Assignment 1 - shrijas/UjjwalNeogiLab GitHub Wiki

To find out the differentially expressed transcripts between the wildtype and mutant of the given 3 samples each

Introduction

Transcripts from wildtype and Mutants may express differently at different levels. They could be due to various factors.To find the differentially expressed transcripts, we need to download the basic library packages and customise the salmon to obtain the differentially expressed transcripts.
Done using the following:

As transcripts could be many and would arise from one gene, it would be nice to associate it to a gene, so we could have a count table easily.
After creating a vector to the quantification files, the samples have been read and analysed accordingly to associate the transcripts with gene-ID for summary at gene-level. We try to load data for tximport.

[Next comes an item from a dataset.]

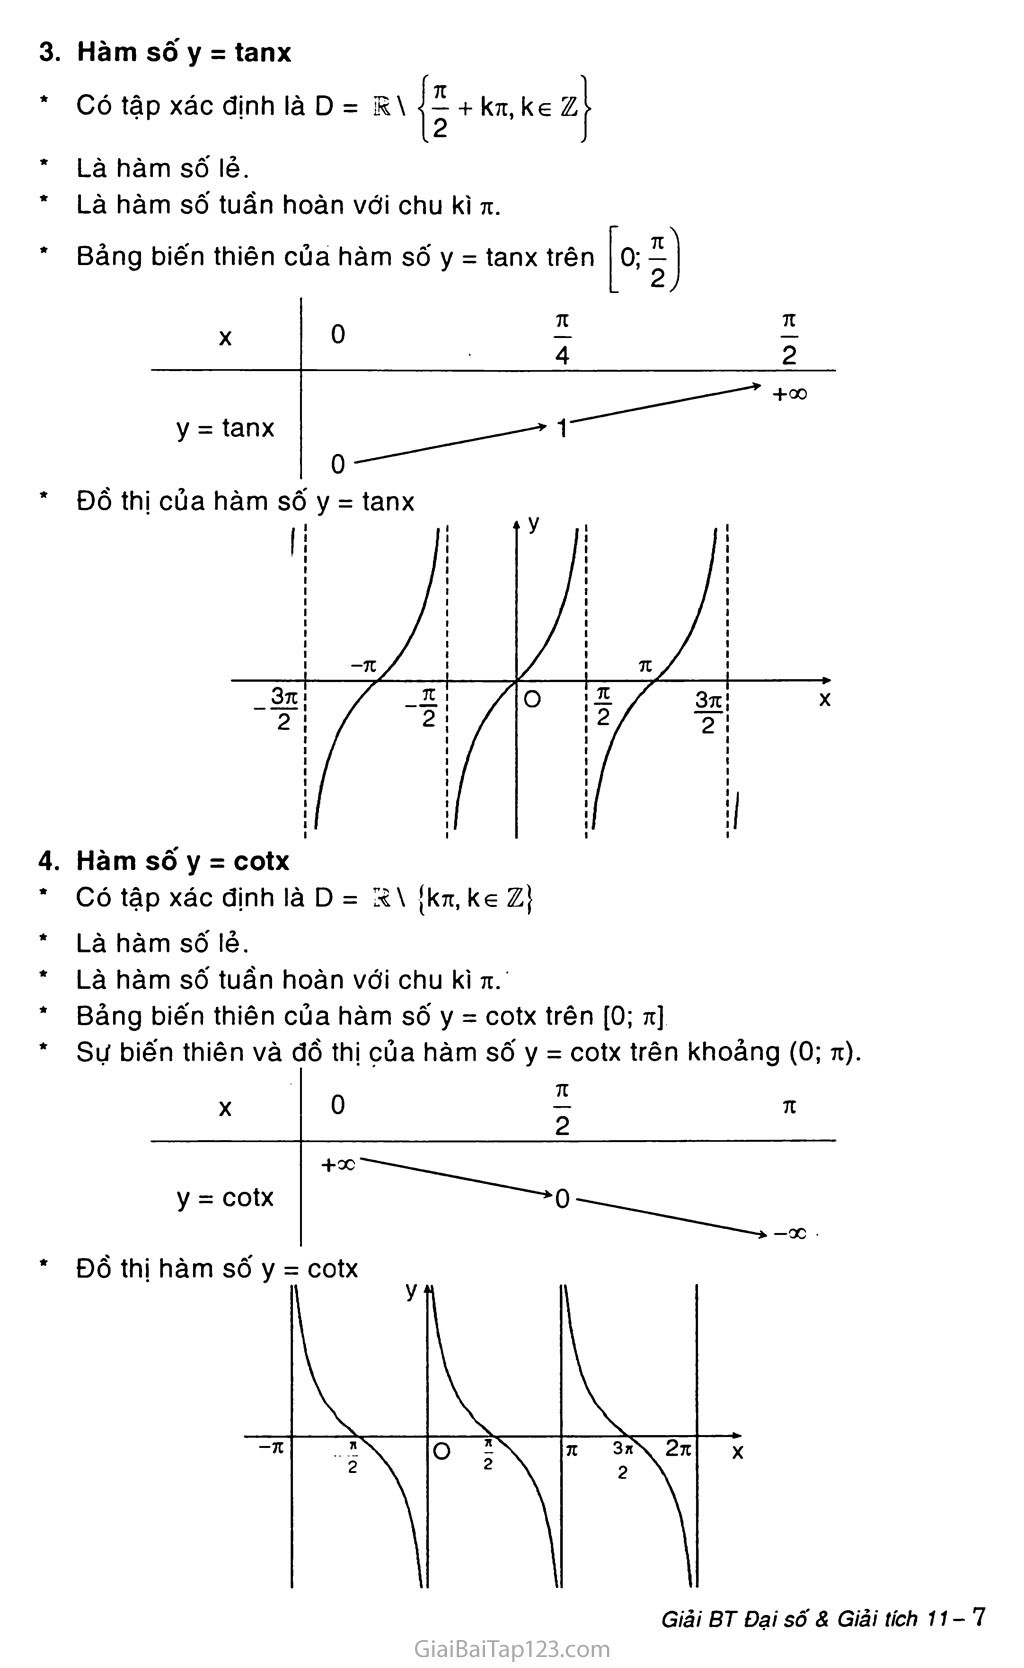 Bài 1. Hàm số lượng giác trang 3

To remember that there are two kinds of data available. One is the extdata having the annotation files and the other are the Test data(which we have at the moment) and we integrate them into R studio. Any information on the code is given here.

Methods

Over here I would refer to several methods used (through R script) which involves with differential expression of transcripts. The idea of DESeq2 is very simple. It helps us to find the differentially expressed genes/transcripts. How?
Suppose we want to compare between two groups(like in this example), we build a model for observed counts. The count data are presented as a table which tells us the number of sequencing reads/ fragments that have been assigned to each gene. There's a possibility of error cause due to zero values(causing it to infinity), hence log2 transformation is performed. The log2 transformation is done for the transformed counts per gene.

The first step was loading the given data that contained both the mutant and wildtype samples which were in sf format(6 in total).
After that, the files were named, tximport and readr was called using the library to import the files from the local data to Rstudio respectively. We then tried to count the number of sample/abundance in each class.
It was important to understand the dimensions of the sample that I had (209026 transcripts among the 6 samples) because after various process of filtering and normalisation, the effective number of transcripts would reduce in number to signifcant numbers.
The summary of the plot was also calculated to know how the deviation or how the data was presented.
Histogram of the count plot was then calculated.
log2 transformation done for the transformed counts per gene.
Elimination of undetected genes are performed since the weakly expressed genes might be so low that they might be undetected.This is done by counting the required number using a threshold and then deleting it from the count table.
What is the percentage of the gene having null count per sample. Draw barplot
Normalisation done with modelling readcounts through negative binomial distribution
Mean variance calculation done
Volcano plot to find the differentially expressed transcripts
Find out the differentially expressed genes with most significant and repressed transcripts using the padj value(through FDR) and other criterias.